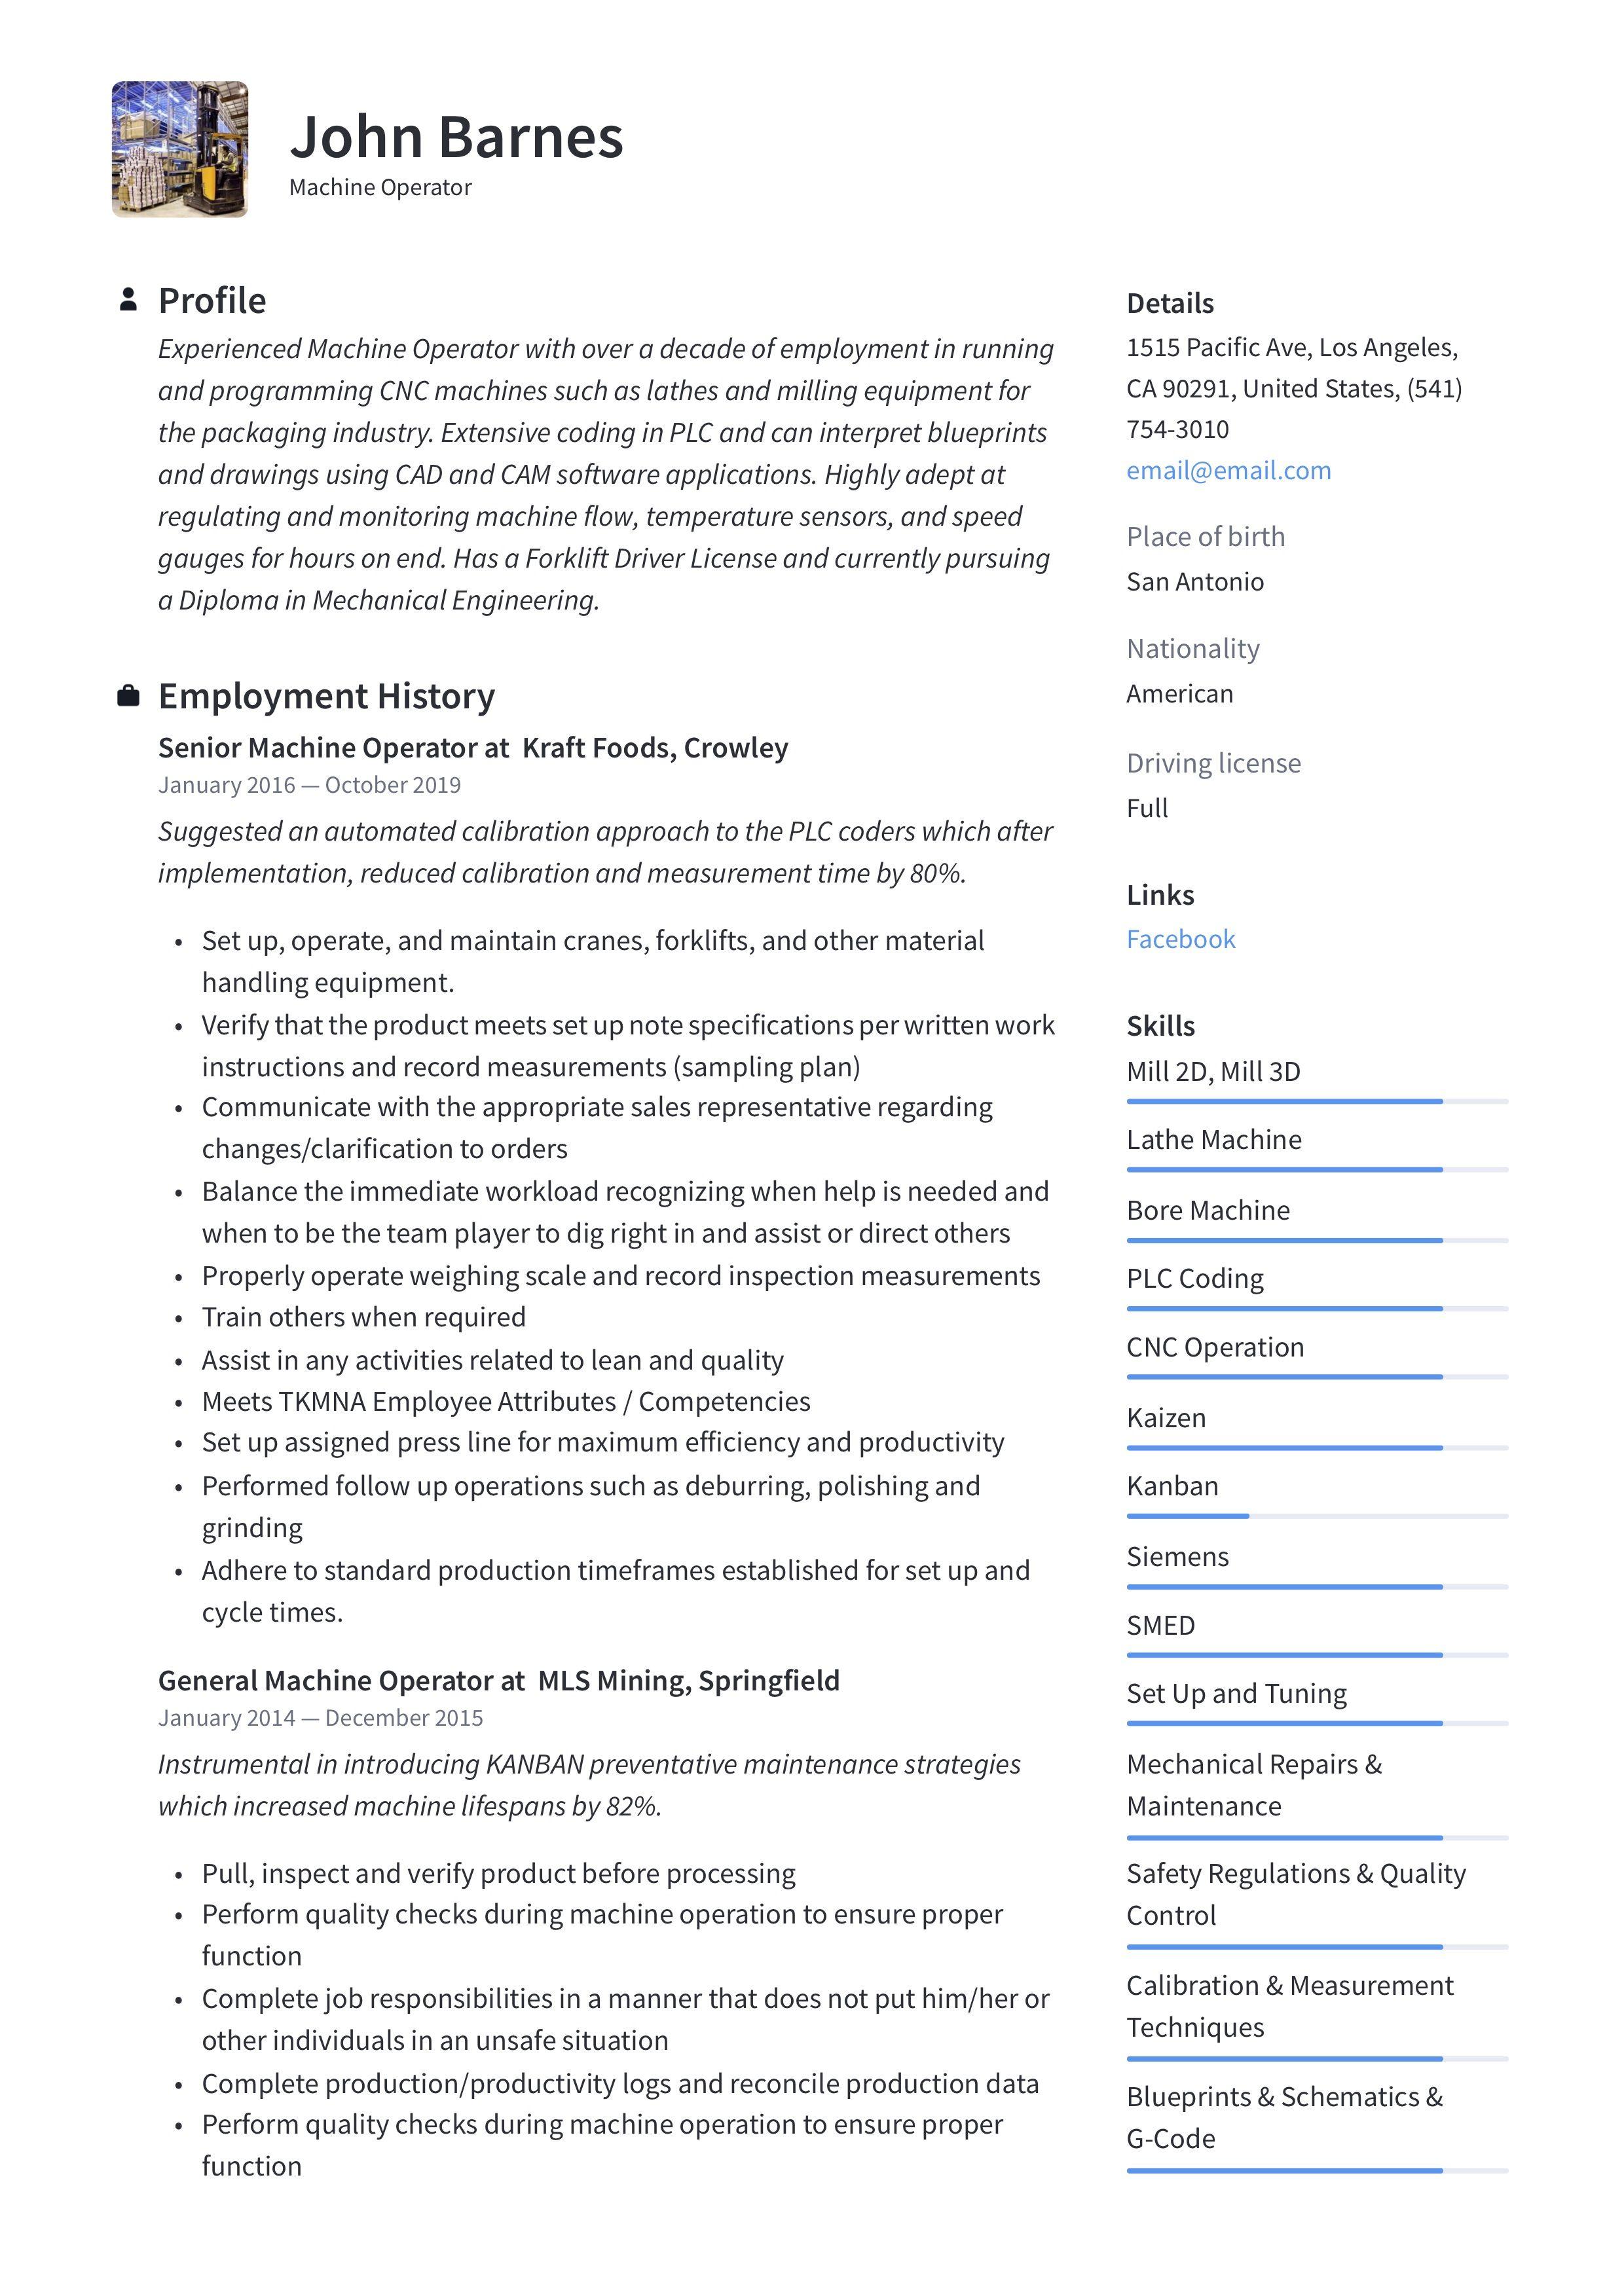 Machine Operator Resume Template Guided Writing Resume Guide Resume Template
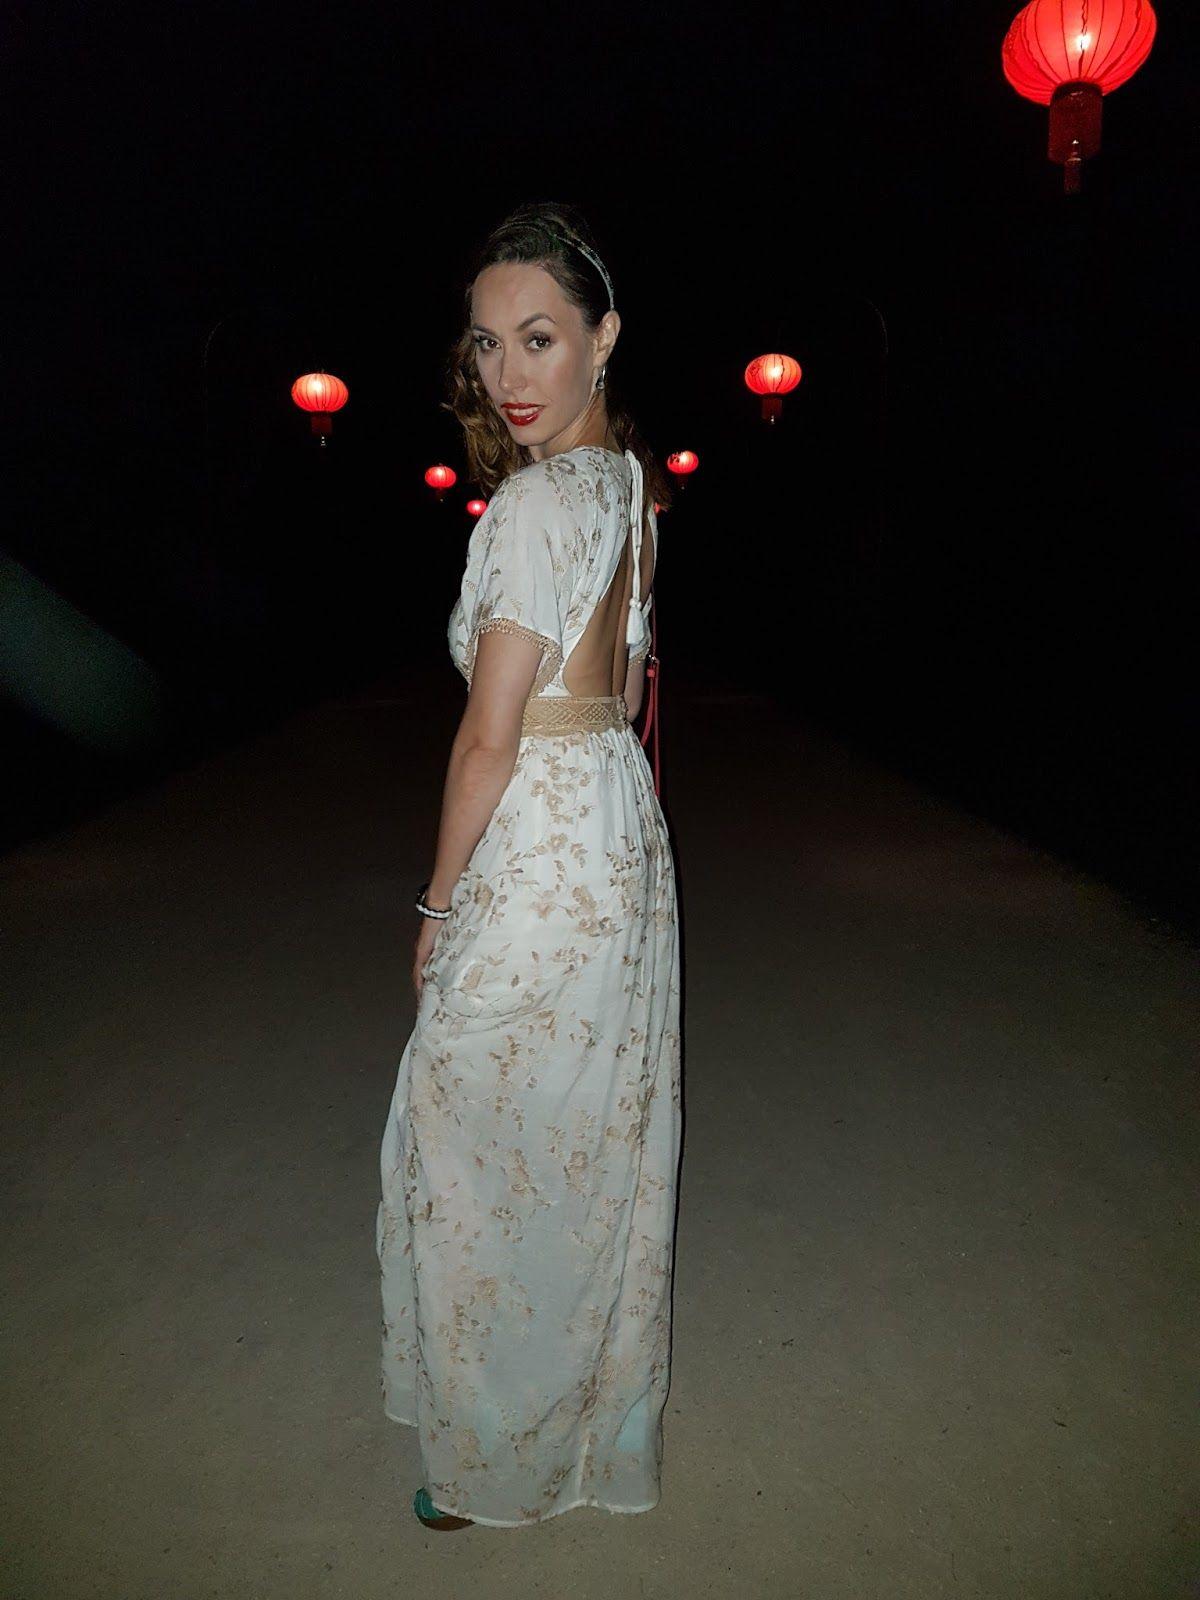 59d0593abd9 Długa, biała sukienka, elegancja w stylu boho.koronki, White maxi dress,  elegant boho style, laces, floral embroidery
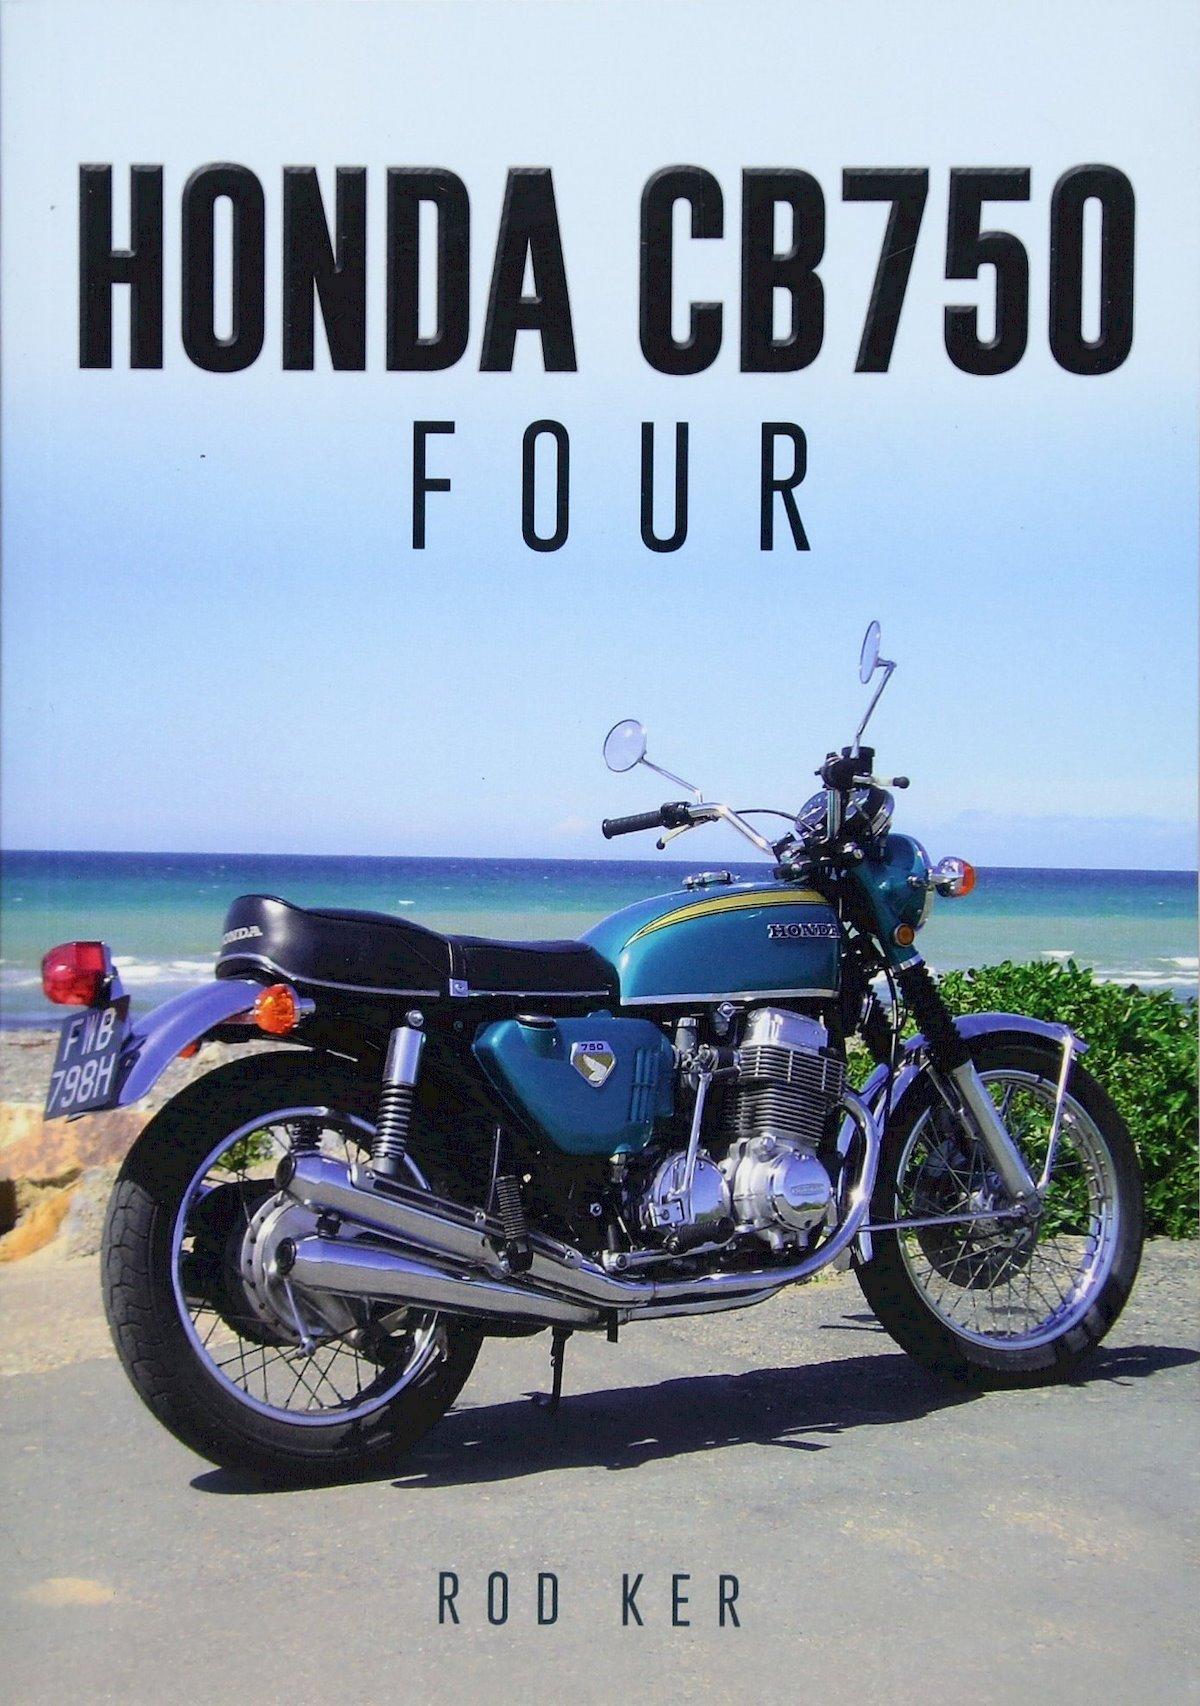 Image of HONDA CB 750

====================

→ Exercise aim
Your answer should contain all the material above, written out exactly, and none of the pictures.

→ Response for this exercise
 Machine Operator Resume Template Guided Writing Resume Guide Resume Template
 59d0593abd9 Długa, biała sukienka, elegancja w stylu boho.koronki, White maxi dress,  elegant boho style, laces, floral embroidery
 Image of HONDA CB 750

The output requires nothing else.